Dealing with Voluntary vs. Default Participant Differences in EHM
by Scott MacStravic
There are four simple ways to deal with any differences between voluntary and default participants, though the effectiveness of each will vary in each EHM situation:
- Minimize per participant costs
- Find out what the different success rates are for voluntary vs. default participants
- Offer success incentives
- Offer choices vs. predetermined EHM programs
1. If default participants deliver lower gains per participant, then EHM providers and clients should make sure that the costs per participant are still less than such gains. One approach is to use charges and costs that apply per population, rather than per participant. When fees are set and costs incurred on this basis, and there are no added costs based on how many participate, increasing participation rates will always end up doing at least as well and usually doing better by using the default option. As long as even one more participant than would have enrolled voluntarily succeeds, results will be better.
On the other hand, if EHM providers charge per participant, then the default option may result in too many participants and too high costs for the average gain per participant to overcome. The provider’s or employer client’s past experience should reflect what the average gains per participant have been under the most common scenarios:
* Voluntary enrollment
* Voluntary enrollment with incentives
* Default enrollment
If default enrollment strategies in the past have reduced the average gain per participant to levels that yielded lower ROI ratios and amounts than the two voluntary alternatives, then either costs/charges per participant should be lowered, or the option should not be chosen.
2. Assuming that EHM providers have worked with both voluntary and involuntary participants before, each should be able to describe what the different success rates for each have been, so that the expected benefits vs. costs for both cohorts can be at least estimated. Providers may be willing to guarantee some minimum ROI, for example, putting the onus on them to make sure that the EHM program works well enough among all participants to achieve desired results.

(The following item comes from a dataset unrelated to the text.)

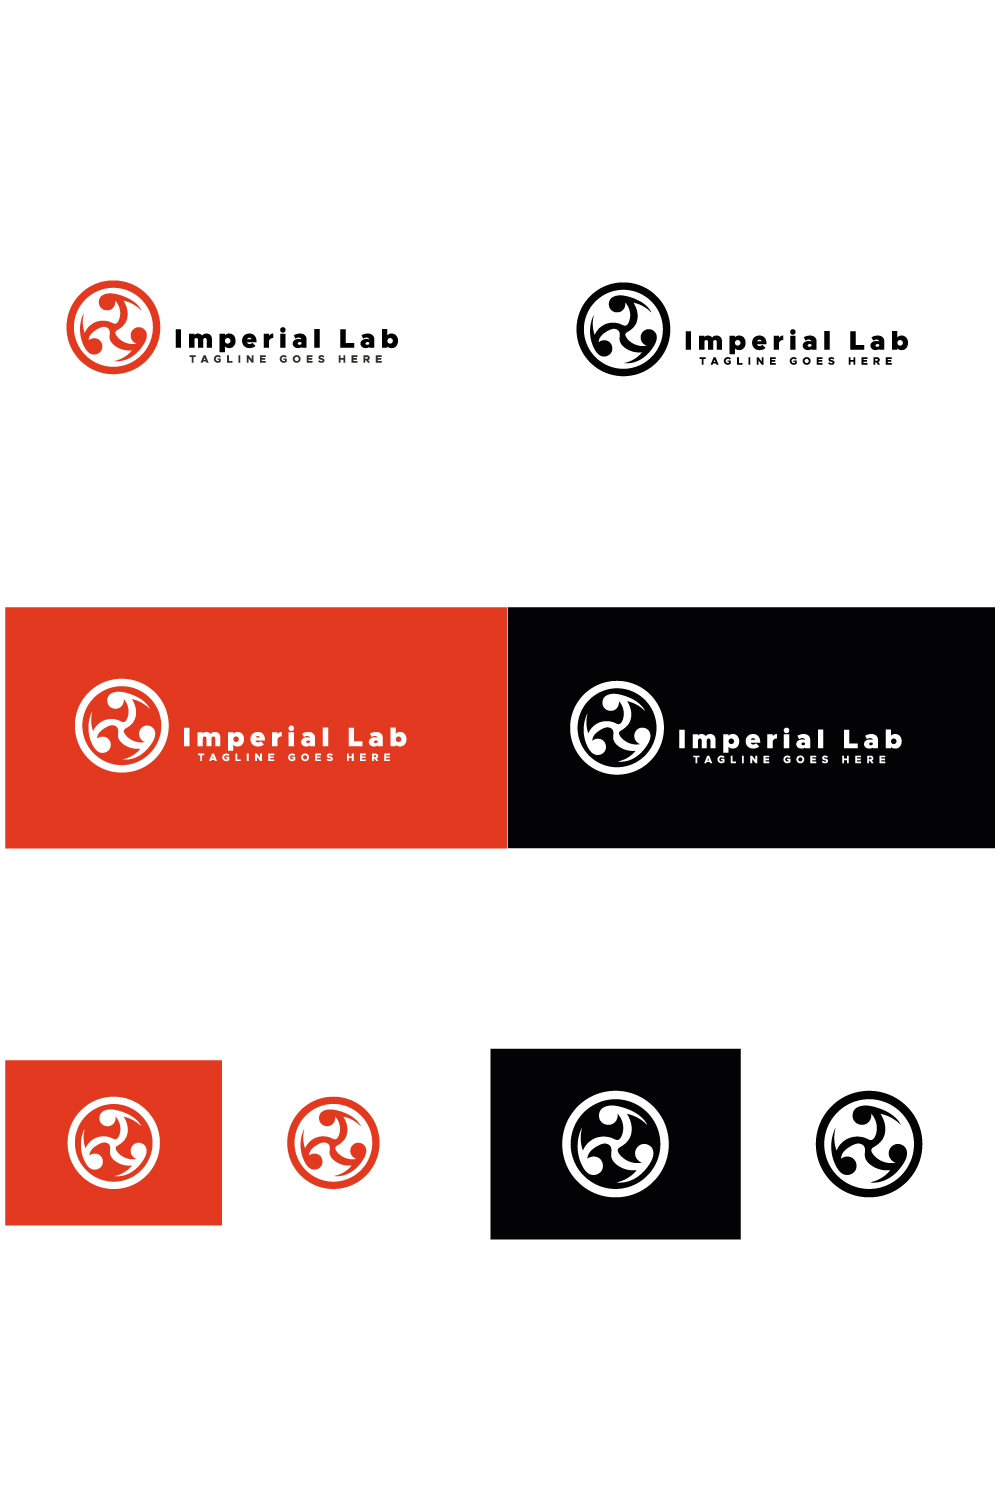 Imperial Lab Professional Logo Design Template Only 12$ pinterest image.

If past experience has indicated that success rates per participant have been higher for voluntary participants, but the success gains for default participants have been high enough to justify their inclusion, given costs per participant, then the default option may make sense. Basing the decision on the EHM provider’s experience, rather than the client’s means there is the risk that the client’s situation and population at risk may be different, so extrapolation from such experience may be inaccurate. A pilot test of the client’s population may be used to check this possibility, or the provider may be willing to guarantee acceptable results with the default option.
3. The use of adequate success incentives rather than participation incentives should encourage significant effort among default participants. Whenever enrollment in the EHM program is by automatic, default with opt-out choice, paying incentives for participation doesn’t make much sense anyway, while incentives for achieving whatever is defined as success can motivate both voluntary and default participants. Such incentives will add to the costs of each success, however, so their amounts will have to be sufficiently less than the average gain per success to ensure positive ROI ratios and adequate ROI amounts.
The gamble involved in success incentives is that they will have to be paid to those who would have succeeded anyway, as well as those who would not. So EHM providers and their clients should compare scenarios involving only voluntary participants and no success incentives compared to default participation with success incentives to see which delivers the best mix of ROI ratios and amounts. Another option is to base the success incentive on improved productivity and performance, rather than health behavior/status improvements, so that the employer will see that the direct economic gain from success justifies the incentive.
4. Even though enrollment in the overall EHM program may be automatic by default, and the usual choice for employees is to participate or not, the provider and employer client may offer those automatically enrolled a choice as to which of multiple EHM interventions for which each is eligible each prefers. This may mitigate negative effects of “forced” enrollment. Moreover, when employees voluntarily choose a particular EHM intervention, they tend to be more committed to their choice than when they have none. This may improve the success rate among participants, with or without incentives that add to costs per success.
When EHM programs are focused on productivity/performance impairment factors, rather than just diseases to be managed or risks to be reduced, chances are that virtually every employee in the workforce will be eligible for more than one among the combined diseases, risks and impairment factor programs offered. One EHM provider’s database of over 200,000 employees, for example, reflects that only 2.45% of employees had 0-1 impairment factors, while 43.02% had at least one risk or disease condition. [“Productivity Dashboard” HealthMedia.com Jan 23, 2007] Chances are the vast majority of employees can be offered a choice among at least two different EHM interventions, making at least that aspect of EHM participation “voluntary”.
By employing one or a mix of these strategies, any negative effects of default participation in EHM programs should at least be mitigated, if not eliminated entirely. Only one of the four adds to costs, unless the employer has to sign up for more EHM initiatives in order to offer enough employees a choice between at least two when choosing that strategy. And a combination of more than one strategy should improve the overall success rates and ROI outcomes for both provider and client.